*** Data for this exercise ***

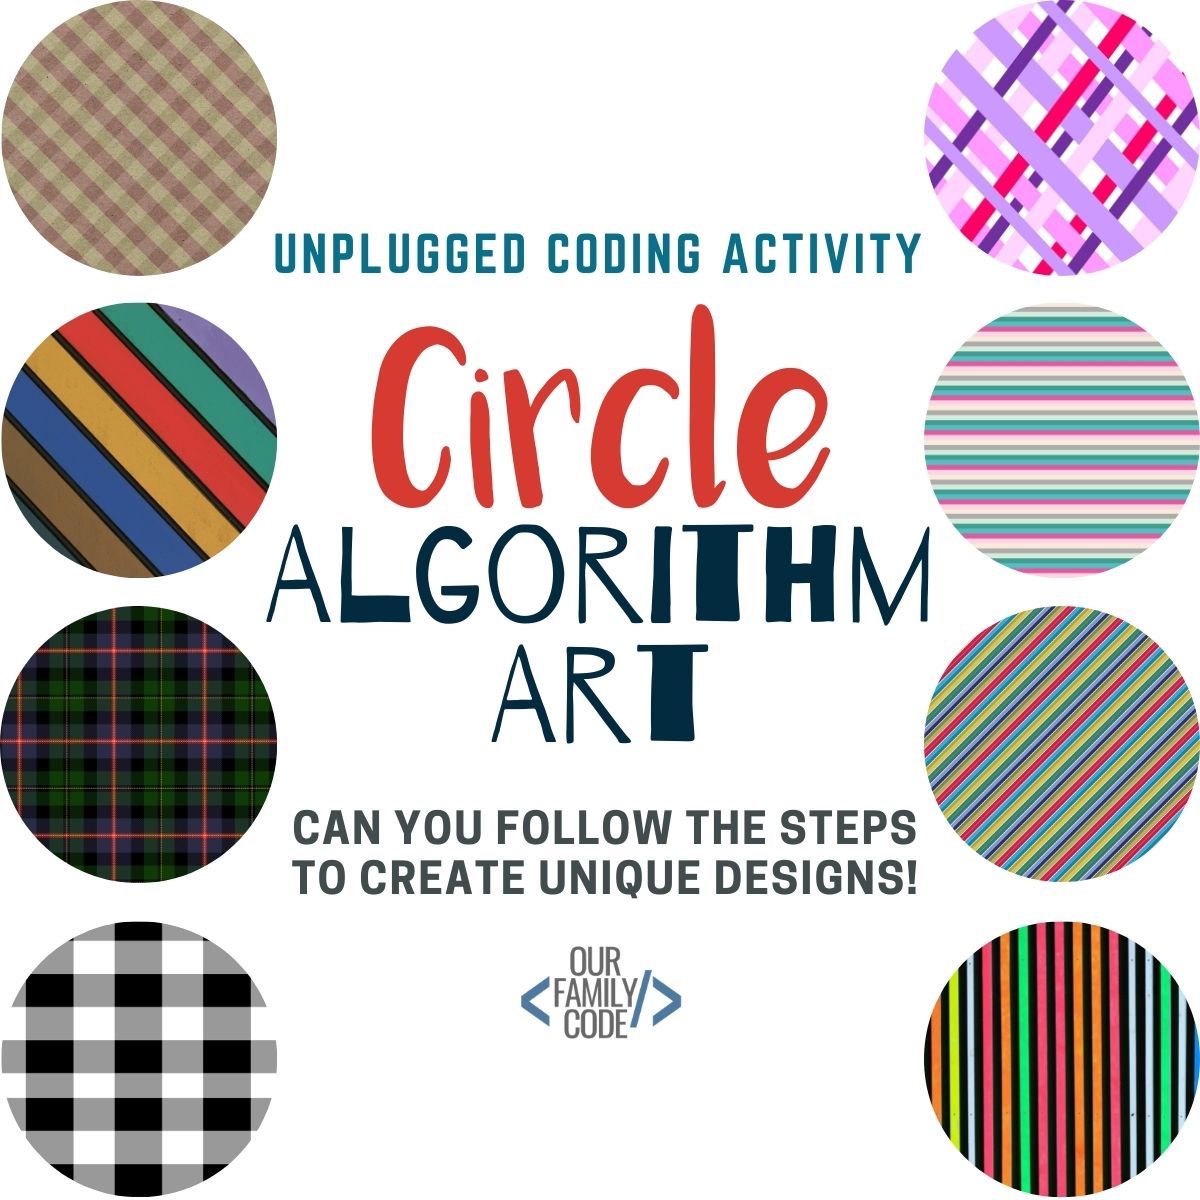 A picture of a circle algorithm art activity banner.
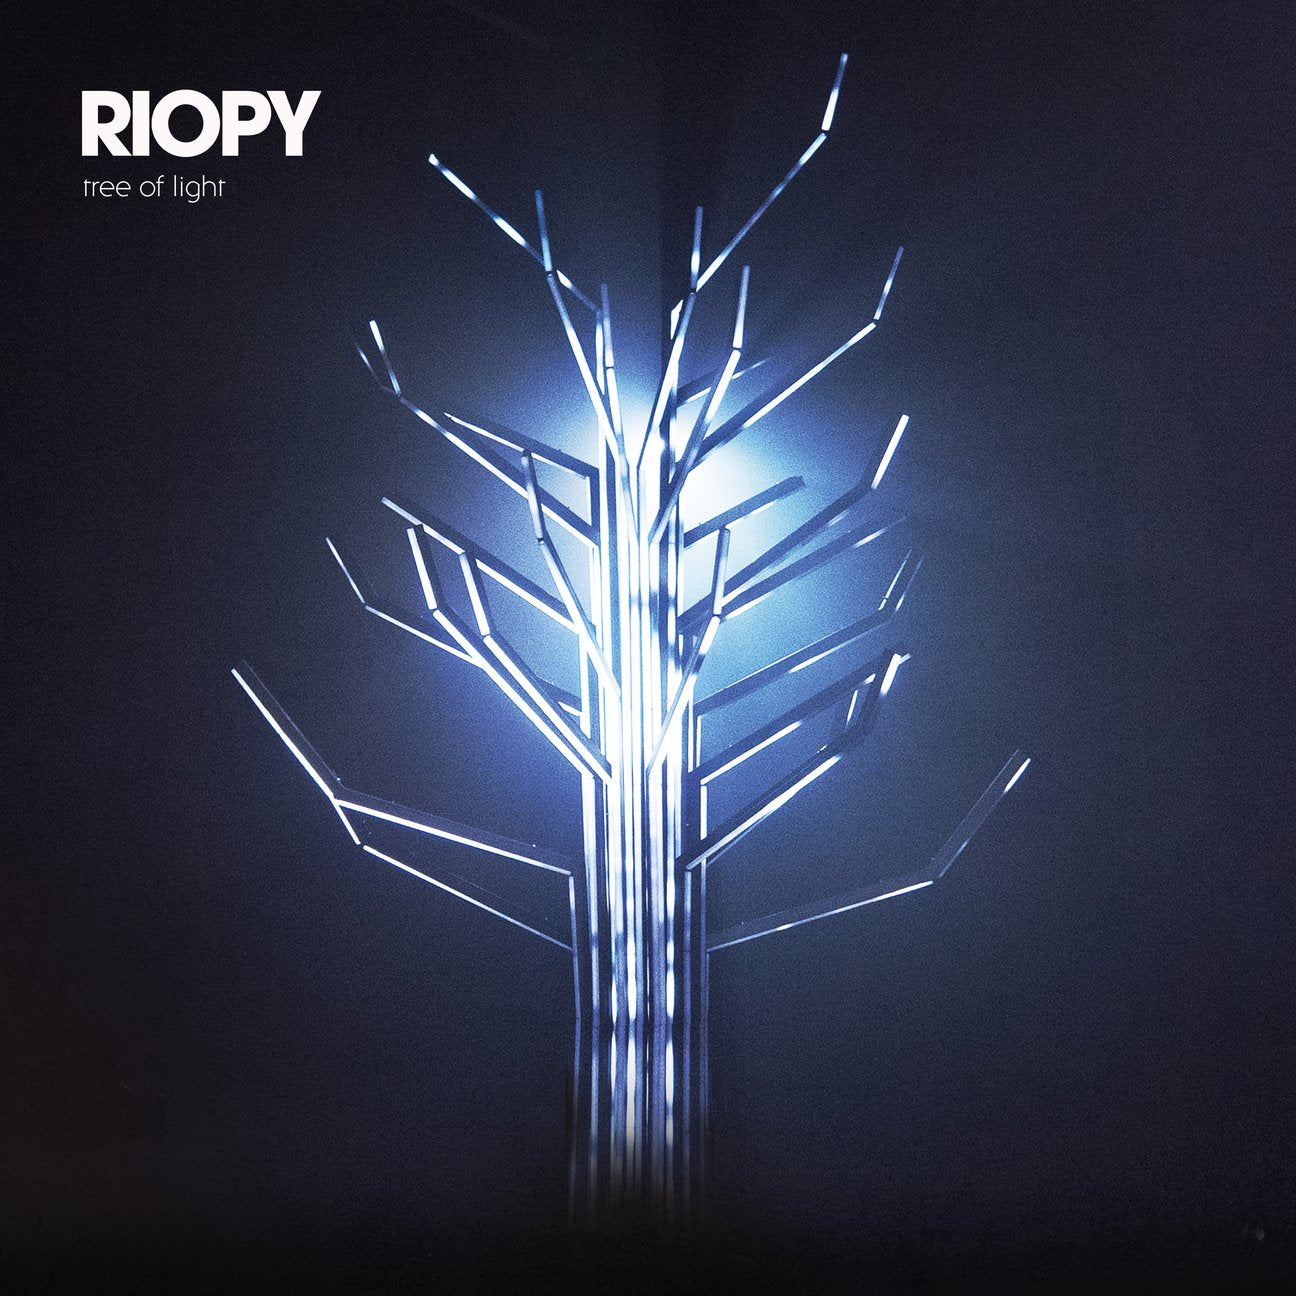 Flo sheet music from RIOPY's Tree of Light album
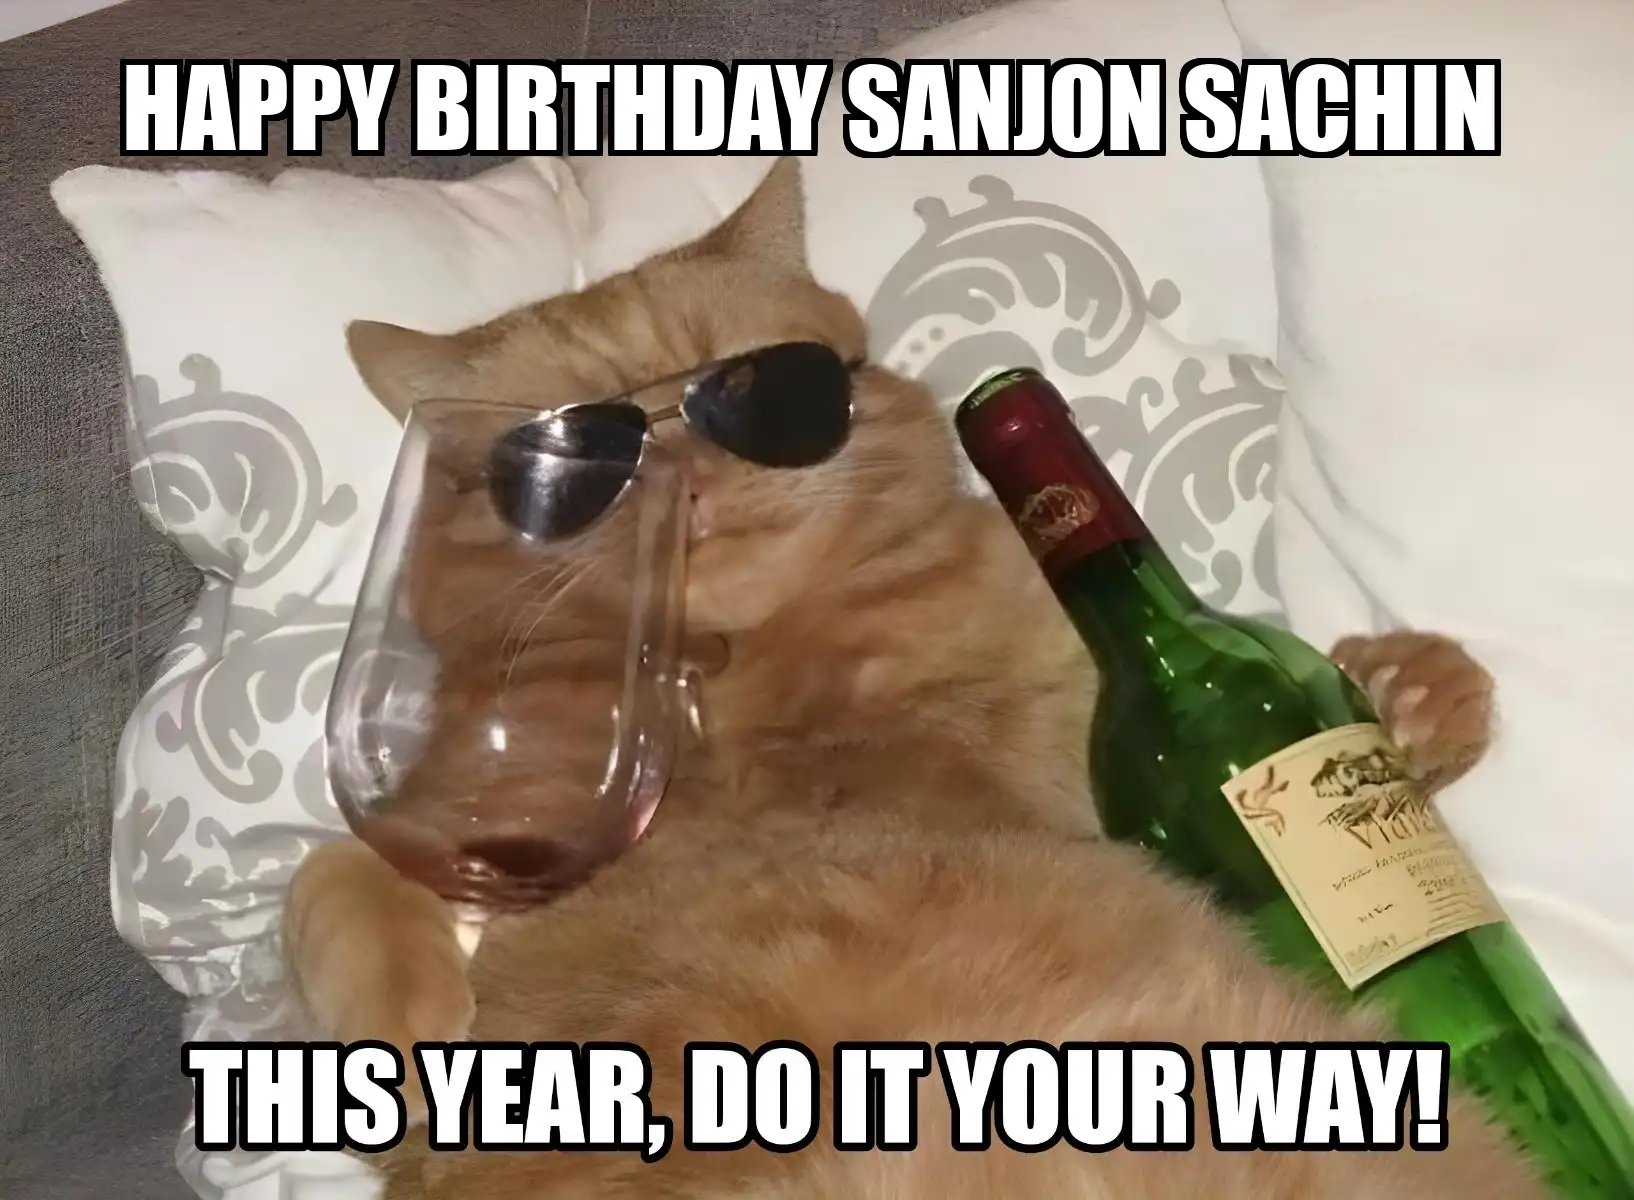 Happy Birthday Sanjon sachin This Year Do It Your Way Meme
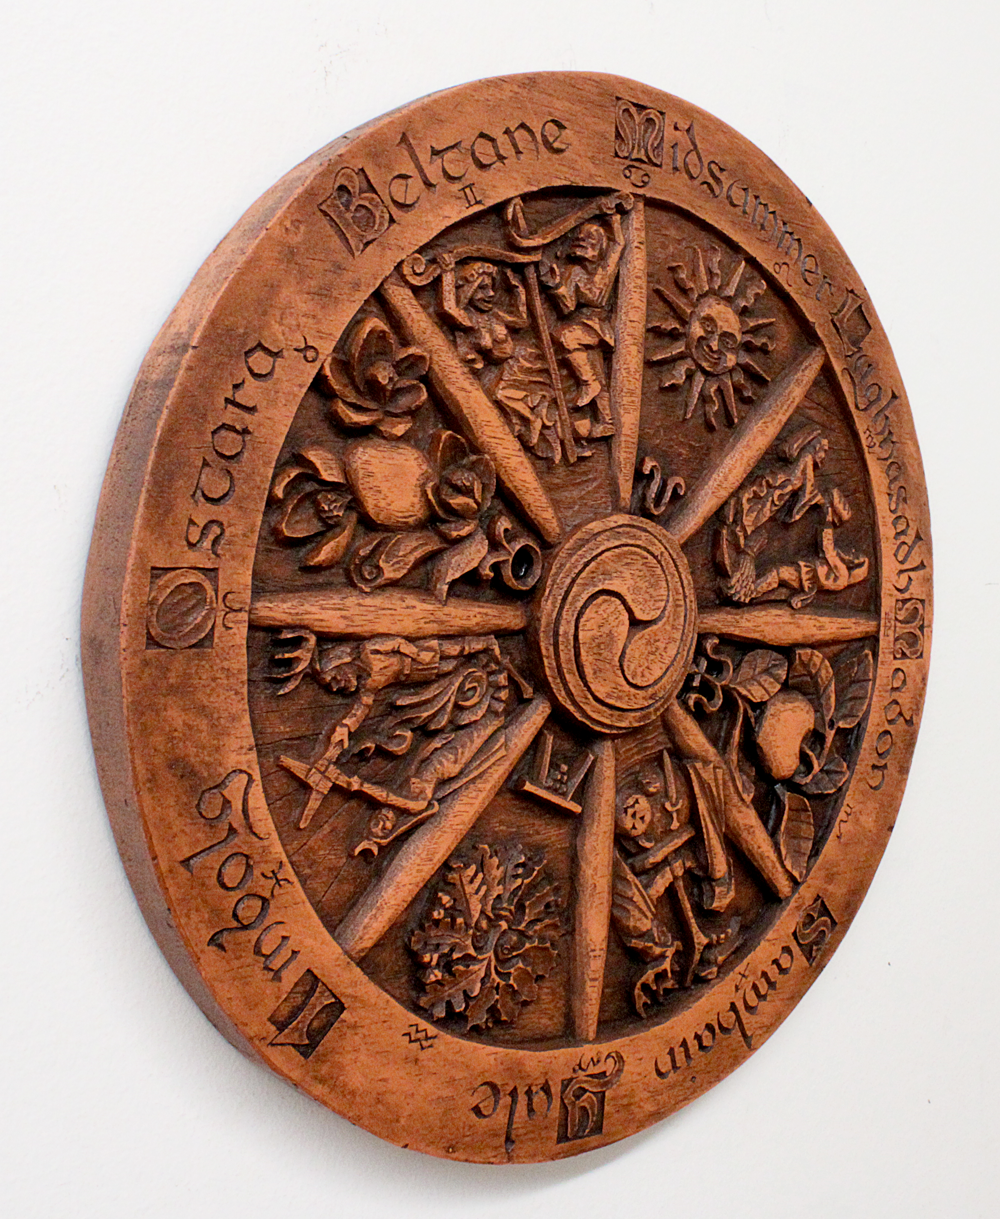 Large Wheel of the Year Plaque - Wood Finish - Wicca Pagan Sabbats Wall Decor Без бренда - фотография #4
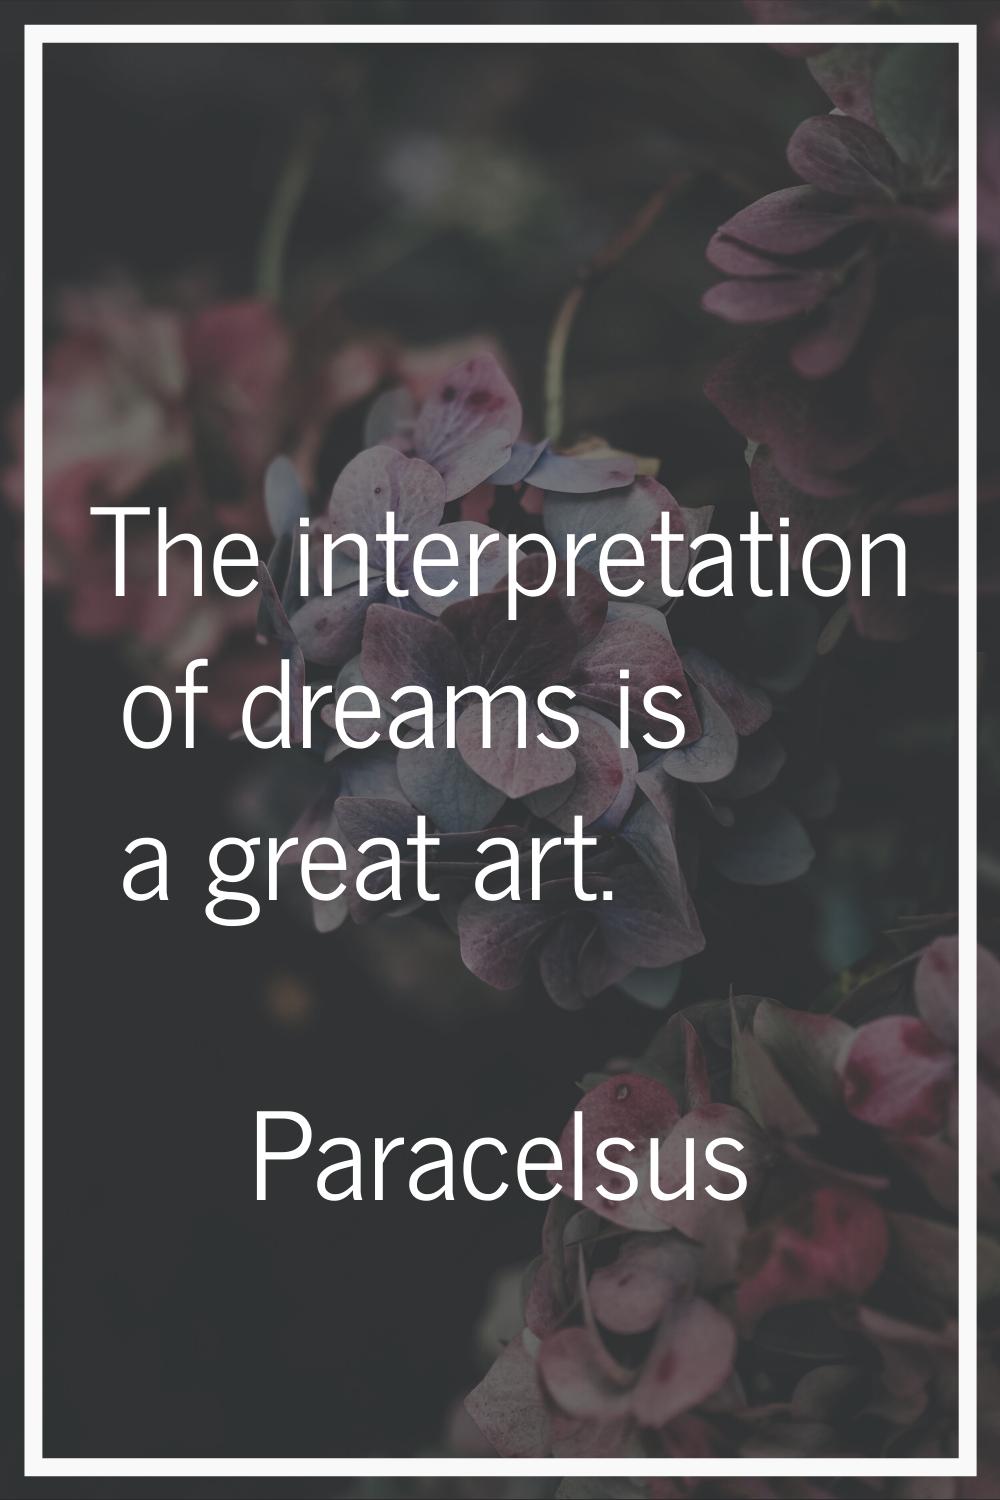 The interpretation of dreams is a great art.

*** End of Data for this exercise ***

> [To do]: If an entry contains an image, please omit that image and print everything else verbatim.

> [Solved exercise]:
 A picture of a circle algorithm art activity banner.
 Flo sheet music from RIOPY's Tree of Light album
 Happy Birthday Sanjon sachin This Year Do It Your Way Meme
 Large Wheel of the Year Plaque - Wood Finish - Wicca Pagan Sabbats Wall Decor Без бренда - фотография #4
 The interpretation of dreams is a great art.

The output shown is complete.